On ne peut pas trop dire de mal de l’interprétation de Jean-Paul Belmondo qui, dans un rôle idiot et puéril, fait de son mieux ; il est vrai qu’à l’époque du tournage d’Itinéraire, il avait déjà depuis longtemps renoncé à beaucoup d’ambitions, à demeurer ce qu’il aurait pu être : avec RaimuJean Gabin et Alain Delon un des quatre plus grands acteurs français du siècle. Là il se tire honnêtement d’un boulot ahanant qui le ridiculise à peine mais lui permet aussi, de temps à autre de montrer le talent qu’il avait jadis eu. À le voir au côté de Richard Anconina, qui n’est pourtant pas manchot mais qu’il écrase de toute sa robustesse, on est effaré de constater les différences de puissance. Et si on ne peut pas dire de mal de Michel Beaune, puisqu’il est confiné dans un rôle secondaire, voire tertiaire, on frémit de voir promues au premier rang des rôles féminins Lio,Béatrice Agenin et Marie-Sophie L, toutes plus insignifiantes les unes que les autres et vouées à jouer les plus dérisoires utilités.

Que le scénario soit d’une rare médiocrité ne peut pas étonner : on pourrait dire de Claude Lelouch qu’il est, en quelque sorte, le ravi de la crèche au cinéma : un canevas à la limite inférieure de la débilité mentale tourné avec une innocence confondante et pas la moindre distance avec la réalité : une histoire puérile à l’usage des grandes personnes. On est en plein milieu des récits feuilletonesques du 19ème siècle, mais sans le sens du mystère et du merveilleux qui font vibrer à la lecture d’Eugène Sue ou de Ponson du Terrail : il n’y a rien de drôle ni de substantiel à la représentation de la vie d’un brave type, Sam Lion (Jean-Paul Belmondo) dont l’existence chaotique, brillante puis dépressive fait très vaguement songer à la parfaite réussite – en comparaison – avec Le fabuleux destin d’Amélie Poulain film qui sait, lui, ménager la part de rêverie et de merveilleux qui manque cruellement au machin de Lelouch.

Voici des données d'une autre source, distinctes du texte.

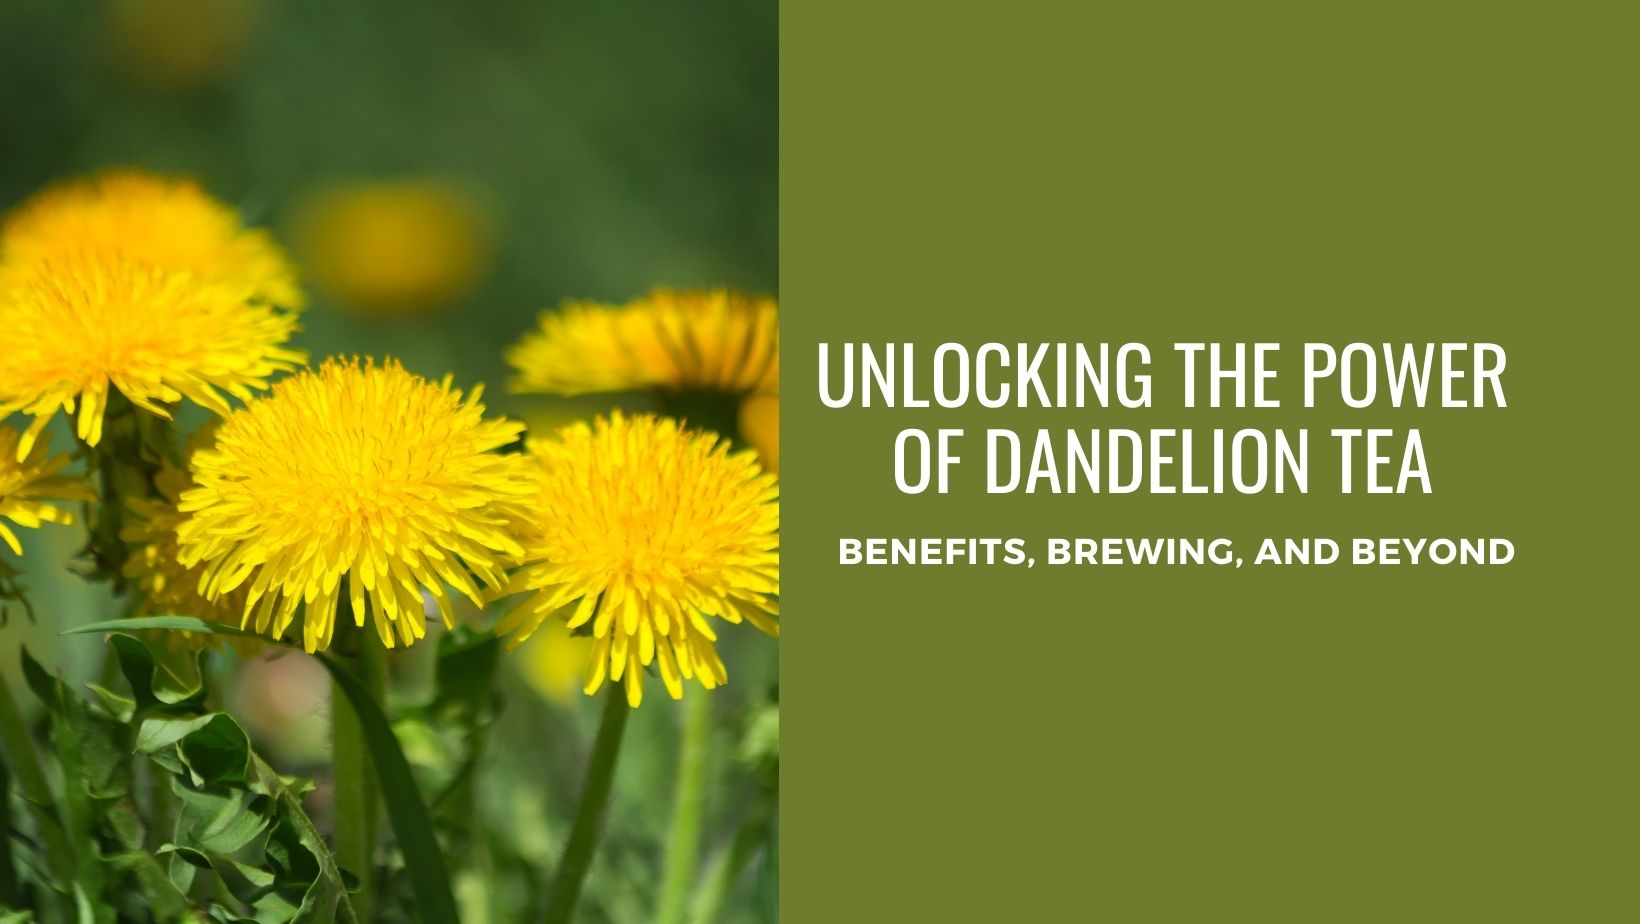 Dandelion Tea - Benefits, Brewing, and Beyond

Que sauver, à part les efforts de Belmondo ? Une réplique (Quand on demande à quelqu’un comment il va, on prend de gros risques), deux ou trois images asphyxiantes de l’hôtel du père (Daniel Gelin) d’Albert Duvivier (Anconina), trois séquences africaines et c’est tout.

On se demande (quand on n’a rien d’autre à faire) ce qui demeurera de Lelouch dix ans après sa mort ; on est bien obligé de répondre : rien !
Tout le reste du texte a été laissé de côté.